There is a Defcon computer security conference in progress at which a Voting Village hackers collection is busily hacking various voting machine manufacturers’ machines. As McMillan and Volz put it in their Wall Street Journal piece about the Village,
These hacks can root out weaknesses in voting machines so that vendors will be pressured to patch flaws and states will upgrade to more secure systems, organizers say.
Sadly, many of those manufacturers are upset over it, even to the point of warning about voting software license abuse. Even State government representatives don’t like the idea of testing this software’s and these machines’ security. Here’s Leslie Reynolds, National Association of Secretaries of State Executive Director:
Anybody could break into anything if you put it in the middle of a floor and gave them unlimited access and unlimited time[.]
To a small extent, that’s a valid beef. But only to a small extent: that direct access “in the middle of a floor.” However, malicious hackers—for instance, Russian hackers, to say nothing of Iranian, People’s Republic of China’s, northern Korean’s, each of whom also have an interest in sowing doubt and causing outright disruption—have lots of time between now and our November elections, and they’ve had the last couple of years (at the least) already—a good approximation of unlimited time relative to the evolution of software and hardware.
In addition, Reynolds’ argument is a bit of a strawman. No one is representing this hack-athon as the last word in the security investigation. It is, though, a highly useful step in the process of locating security failures (vulnerabilities being a too-soft term) so they can be patched.

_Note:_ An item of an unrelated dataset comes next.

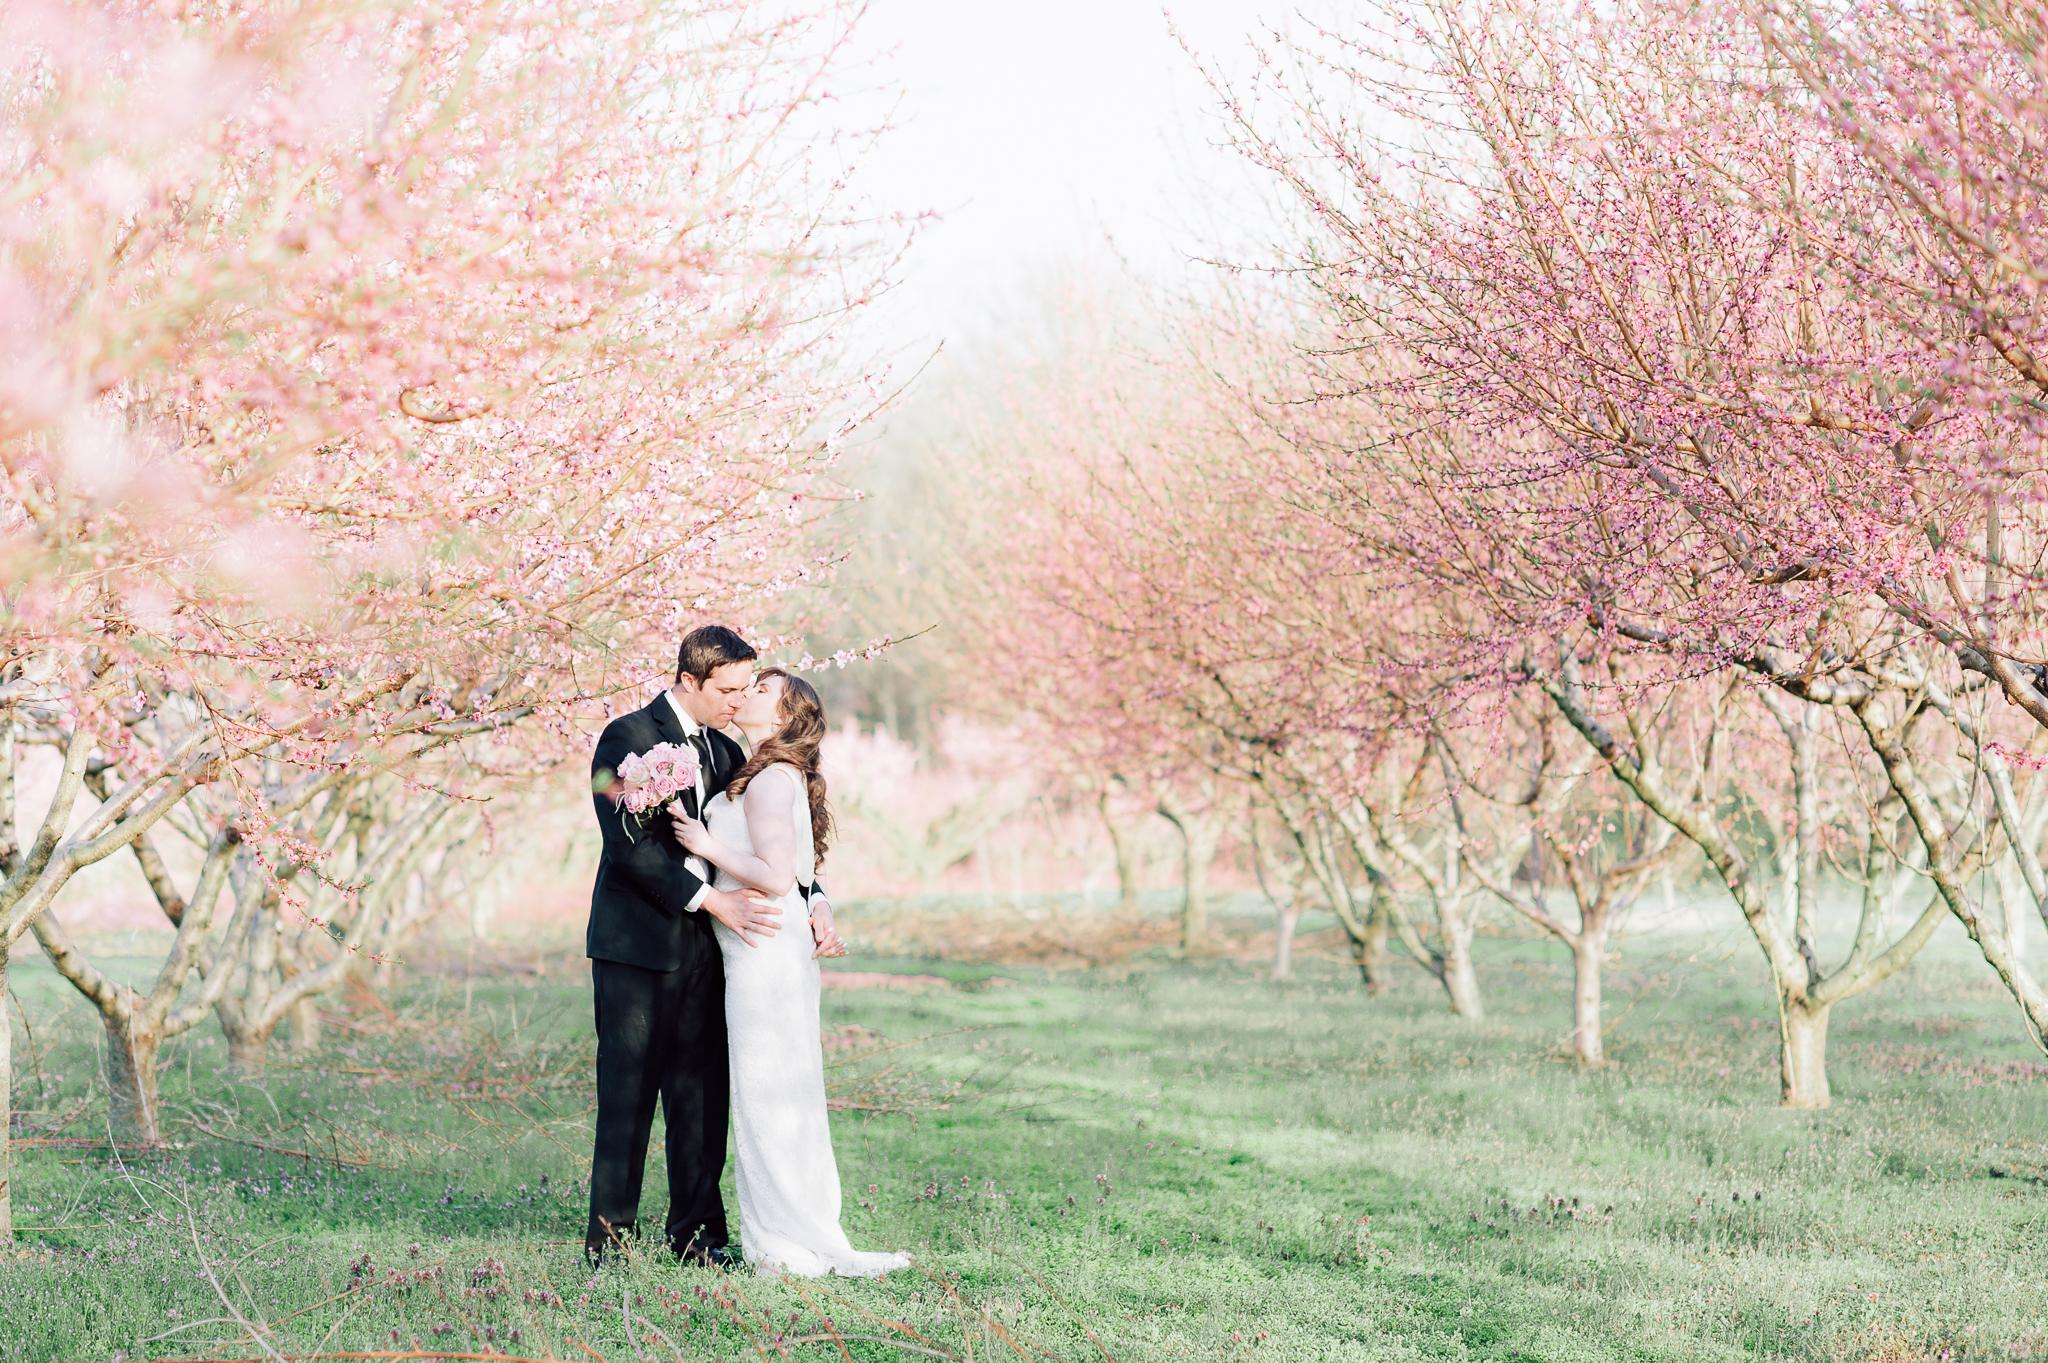 springwedding_cherryblossoms_virginiaphotographer_youseephotography_styledshoot (581).jpg

Election Systems & Software LLC, a leading manufacturer of voting equipment, was reluctant to have its systems tested at the conference. … Hackers “will absolutely access some voting systems internal components because they will have full and unfettered access to a unit without the advantage of trained poll workers, locks, tamper-evident seals, passwords, and other security measures that are in place in an actual voting situation.”
Sure. Our stuff don’t stink, so there’s nothing to see here. Move along. Don’t investigate because we don’t want to know the problems. They’d be invalid, anyway.
Jeanette Manfra, a senior cybersecurity official at DHS, actually sympathized with concerns that Village hackers could unintentionally lower Americans’ confidence in our election systems. She’s wrong, though. Responsible persons’ hiding their heads under their pillows, chanting, “La la la, I don’t hear you” are the ones lowering our confidence. Pretending problems don’t exist is a thin shield, indeed, against those problems’ exploitation.
No. The more objections there are to investigating and testing the security of our voting system, the more badly we need those investigations and tests.